Jakarta, Gatra.com - Beberapa waktu lalu, Kementerian Keuangan berencana akan menerapkan pengenaan cukai pada minuman berpemanis. Bahkan, hal ini, sempat menuai kontroversi dari para pelaku industri.
Menurut Menteri Perindustrian, Agus Gumiwang Kartasasmita, saat ini pihaknya masih melakukan pembicaraan lebih lanjut dengan Menteri Keuangan terkait penerapan cukai ini.
Menperin menjelaskan, kondisi perekonomian negara khususnya sektor industri saat ini sedang berada pada kondisi yang tidak normal.
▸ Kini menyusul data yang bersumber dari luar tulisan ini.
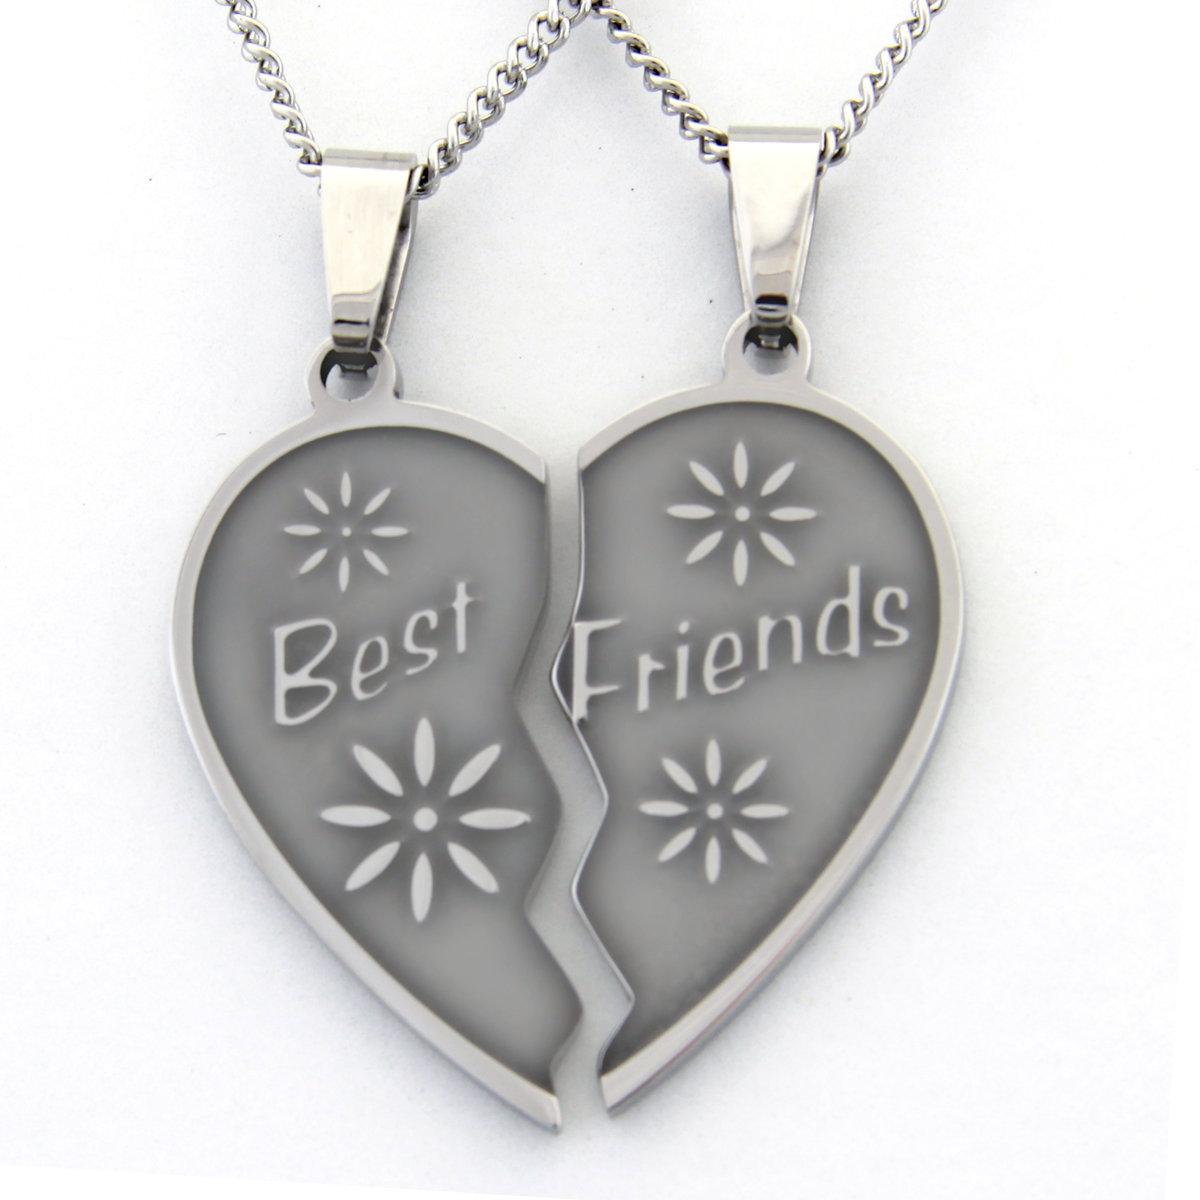 Талисманы дружбы картинки

Menurutnya, kondisi ini diakibatkan adanya wabah virus corona yang berdampak pada perekonomian dunia.
"Itu sedang kami bicarakan dengan Kemenkeu, intinya dalam kondisi tidak normal," katanya di Jakarta, Selasa (3/3).
Padahal, lanjutnya, kontribusi industri manufaktur mencapai 17,9% terhadap PDB nasional. Sehingga, kinerja serta daya saingnya perlu diberikan dukungan penuh dari pemerintah.
"Apapun yang membuat industri sulit, itu harus dihilangkan. Apakah itu berkaitan dengan impor bahan baku, apakah dengan ekspor produk, apakah itu berkaitan dengan regulasi fiskal, kita dalam tanda petik membantu agar industri dalam negeri kita [stabil] dalam kondisi tidak normal ini," tambahnya.
Diketahui, Kementerian Keuangan mengusulkan produk minuman berpemanis dikenakan cukai Rp1.500 per liter untuk teh kemasan. Produksi teh kemasan ini mencapai 2,191 juta liter setiap tahun, dengan potensi penerimaannya mencapai Rp2,7 triliun.
Untuk produk berkarbonasi akan dikenakan cukai sebesar Rp2.500 per liter. Tercatat produksi minuman karbonasi ini mencapai 747 juta liter, dengan potensi penerimaan negara mencapai Rp 1,7 triliun. Untuk produk minuman berpemanis lainnya seperti minuman energi, kopi, konsentrat dan lainnya dikenakan cukai Rp2.500 per liter.
Total produksi minuman ini sebesar 808 juta liter dengan potensi penerimaan sebesar Rp1,85 triliun. Sehingga total penerimaan negara diperkirakan mencapai Rp6,25 triliun atau sekitar 3,5 persen dari target penerimaan negara sepanjang 2020.